Thursday, May 19, 2011

My soul thy name would laud

This is how the mind works. I was walking through the tunnel underneath New York’s Grand Central Station that connects the Lexington Avenue subway with the Times Square shuttle. It was mobbed at three-thirty in the afternoon because of the downpour outside. Hot and humid. Close and gray. The mind closed off, tense, imperceptive of anything except its own discomfort.


Sitting at the end of the shuttle was an aged black man making music by drawing a bow across a saw held between his legs. He was bending the saw to achieve the melody, accompanied by the ethereal sounds of a synthesizer coming through a little Peavey amp. He was playing the hymn “How Great Thou Art.”
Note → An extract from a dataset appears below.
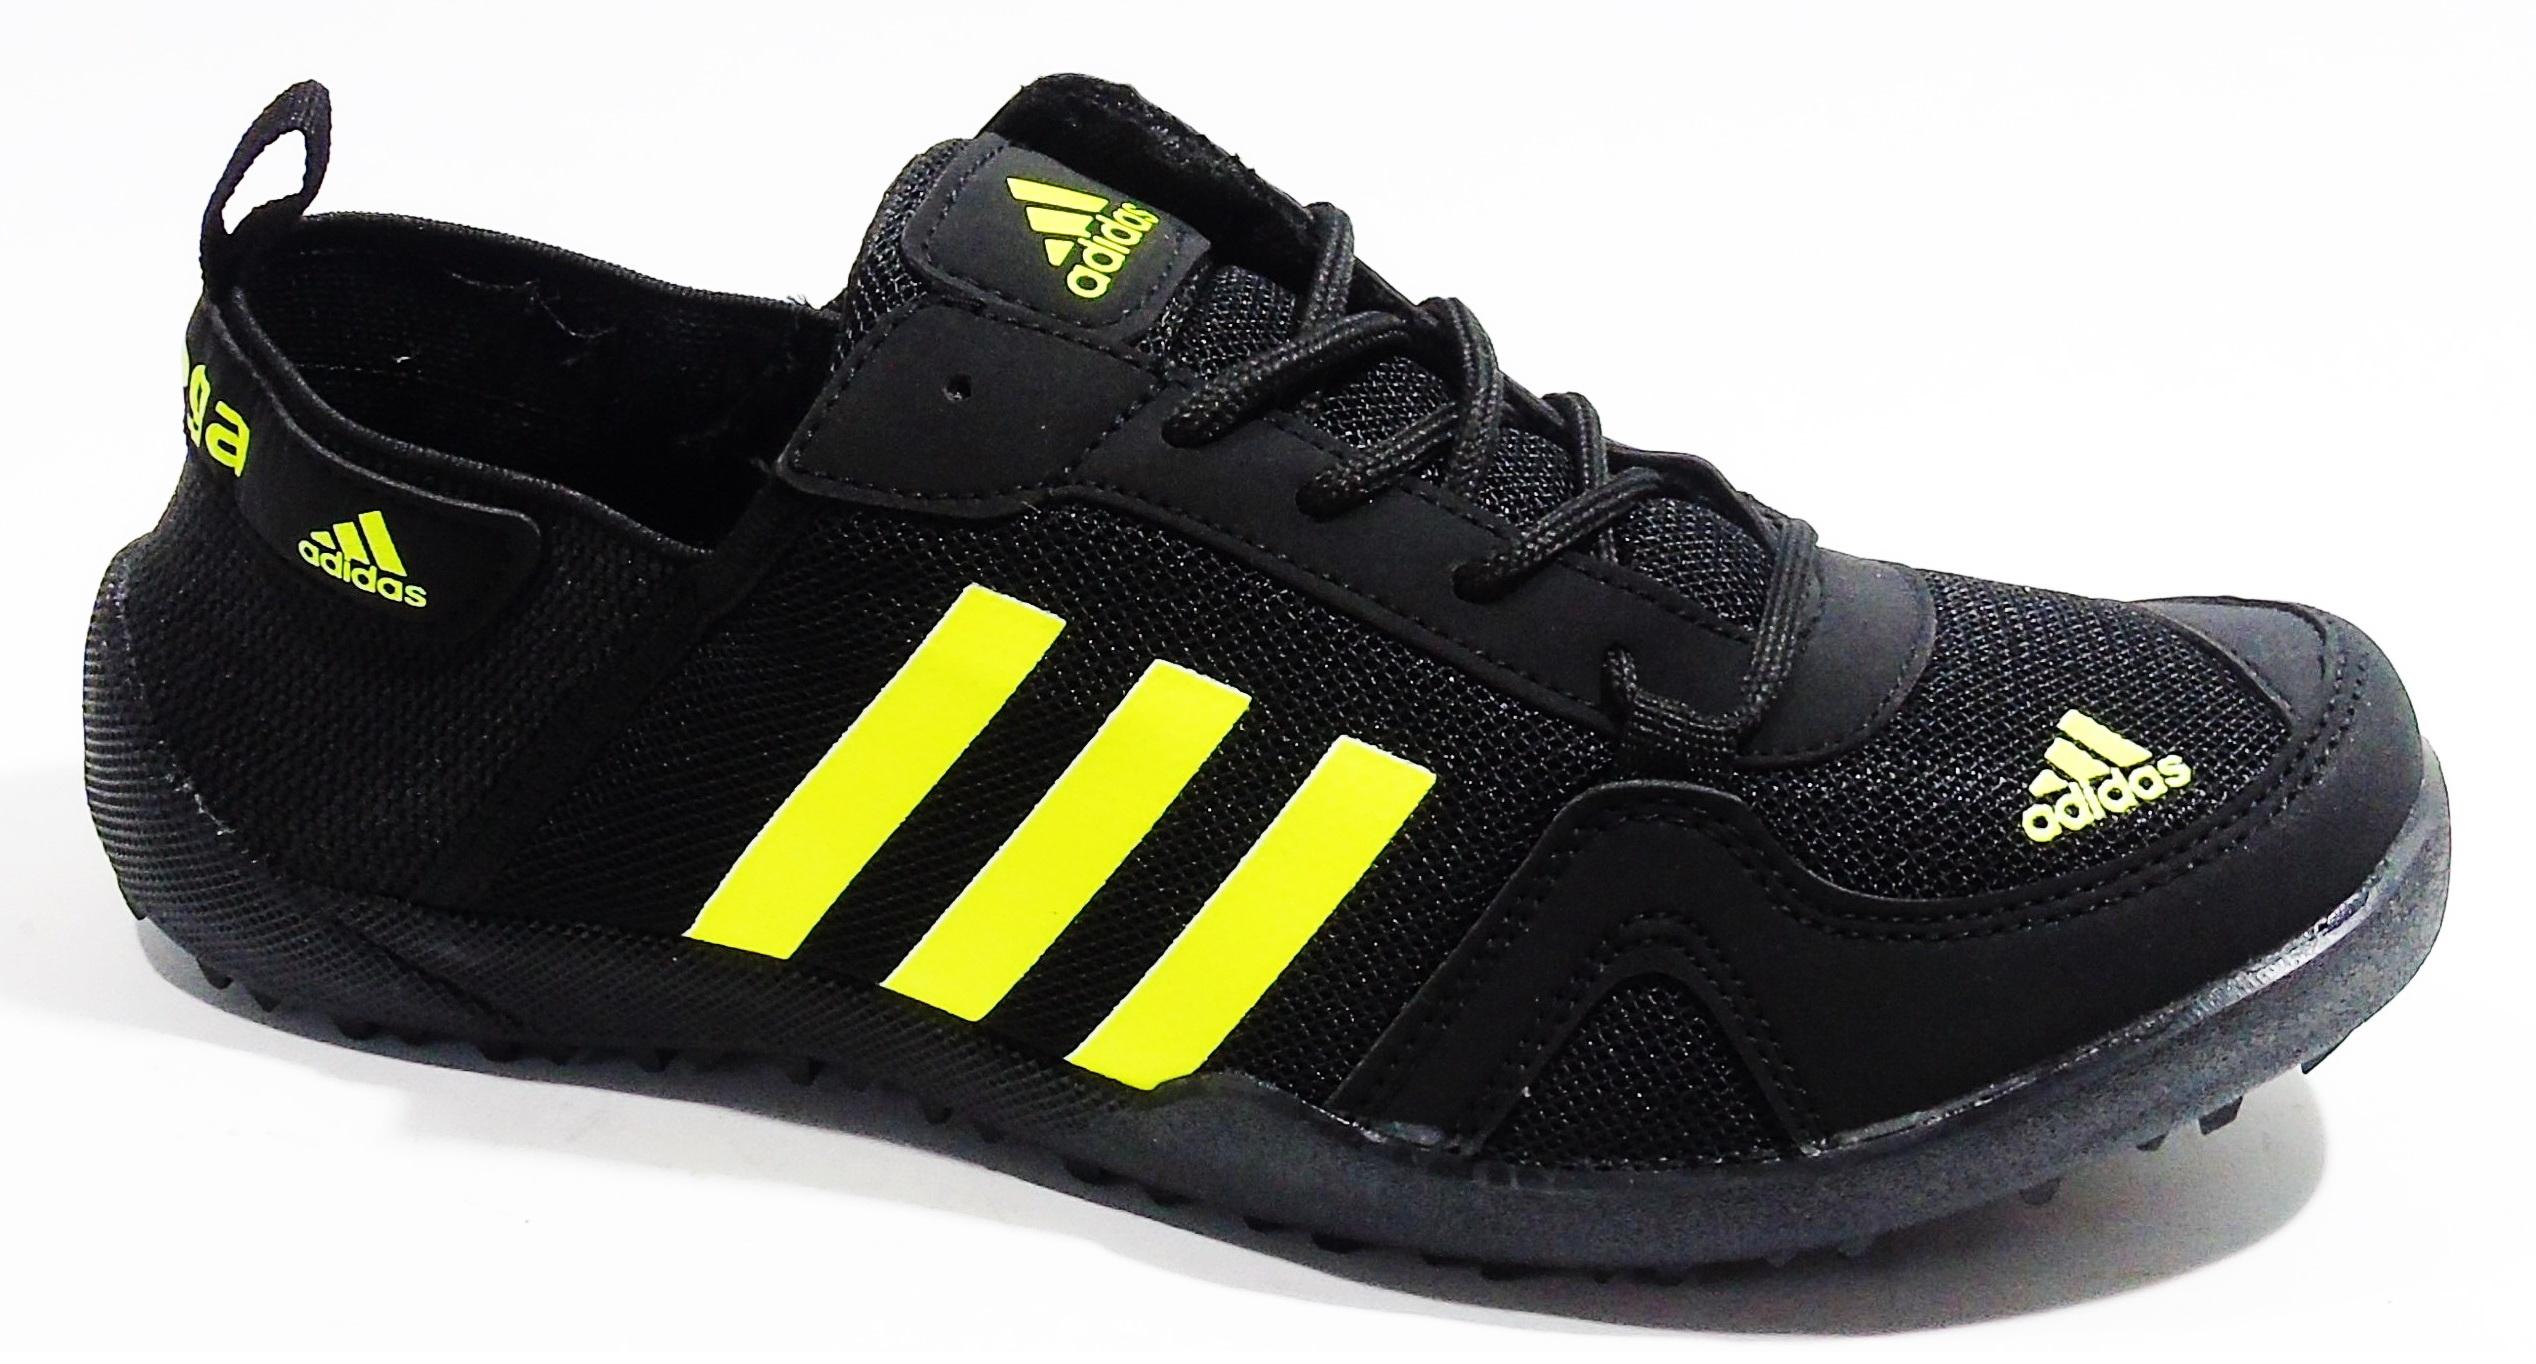 Маратонки Adidas Daroga Climacool черно-неон
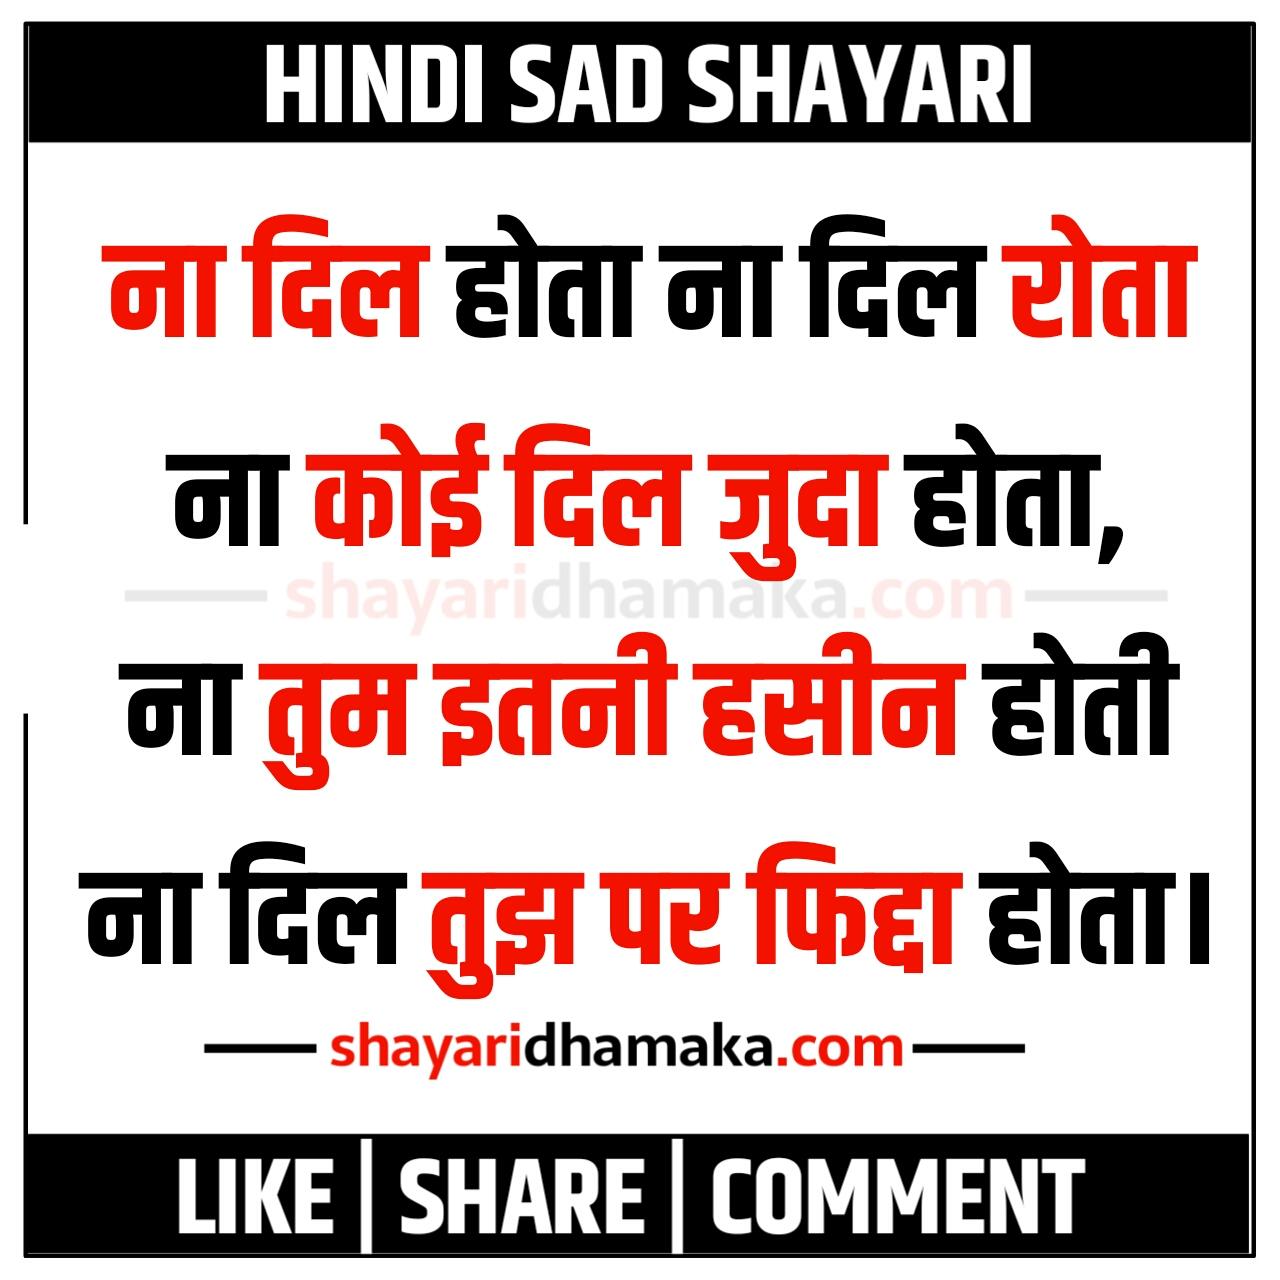 ना दिल होता ना दिल रोता - Dard Bhari Shayari

I didn’t stop walking -- the train was there, its doors open -- but something happened. I choked on my breath and tears welled up in my eyes. I felt the sweat in my armpits. I saw myself as a young boy, sitting on the living room rug, watching the black and white TV. The Billy Graham crusade was on. My mother and grandmother were sitting on the couch. It was raining then too. My wrinkled shirt, my open mouth. The dog’s blanket next to me.


The boyhood image faded. It came to me then, the effect of that hymn on my mother a few days before she died. She turned to the sunlight in the bay window and whispered, “I don’t understand how God could care about a little soul like me.” The sentence that has dogged me for years. Effect, not affect.


I turned my back to the other passengers on the train and stared straight ahead. I saw my face in the window, with its tears. I wiped them away with the back of my hand. Sentimental, superstitious fool. The old man was still playing on his saw. How great thou art. My reflection looked back at me and nodded. Lichtenberg’s quote in Auden’s commonplace book: “A book is a mirror: if an ape looks into it...” What was it called? A Certain World. In an uncertain world, I far prefer the autumn to the spring with its hopeless rain. Oh this flood of tears. How great art thou?


The doors closed and the music ceased. A volume of ragged air pressed against my eardrums. Some big guy with curly hair wearing a black jacket loomed over me from behind. His pale face wore a beatific smile in the window above my left shoulder. Had he heard the music too? The sighing of the saw soloing above the celestial electronic meanderings of the synthesizer. The martial Billy Graham. Nixon likee Chinee food. There’s nothing wrong with faith even if it’s not my faith, a love benign that sustains life. My mind slowed down. I thought to myself, I can go now.


I left the train behind and walked through yet another tunnel, this one lined with preachers handing out leaflets proclaiming the impending Judgment Day. Haitians, Koreans, Dominicans, whites, old and young, one shouting in Creole. I thought to myself, this poverty, it will never end. All these people, including me, each one alone for the time being.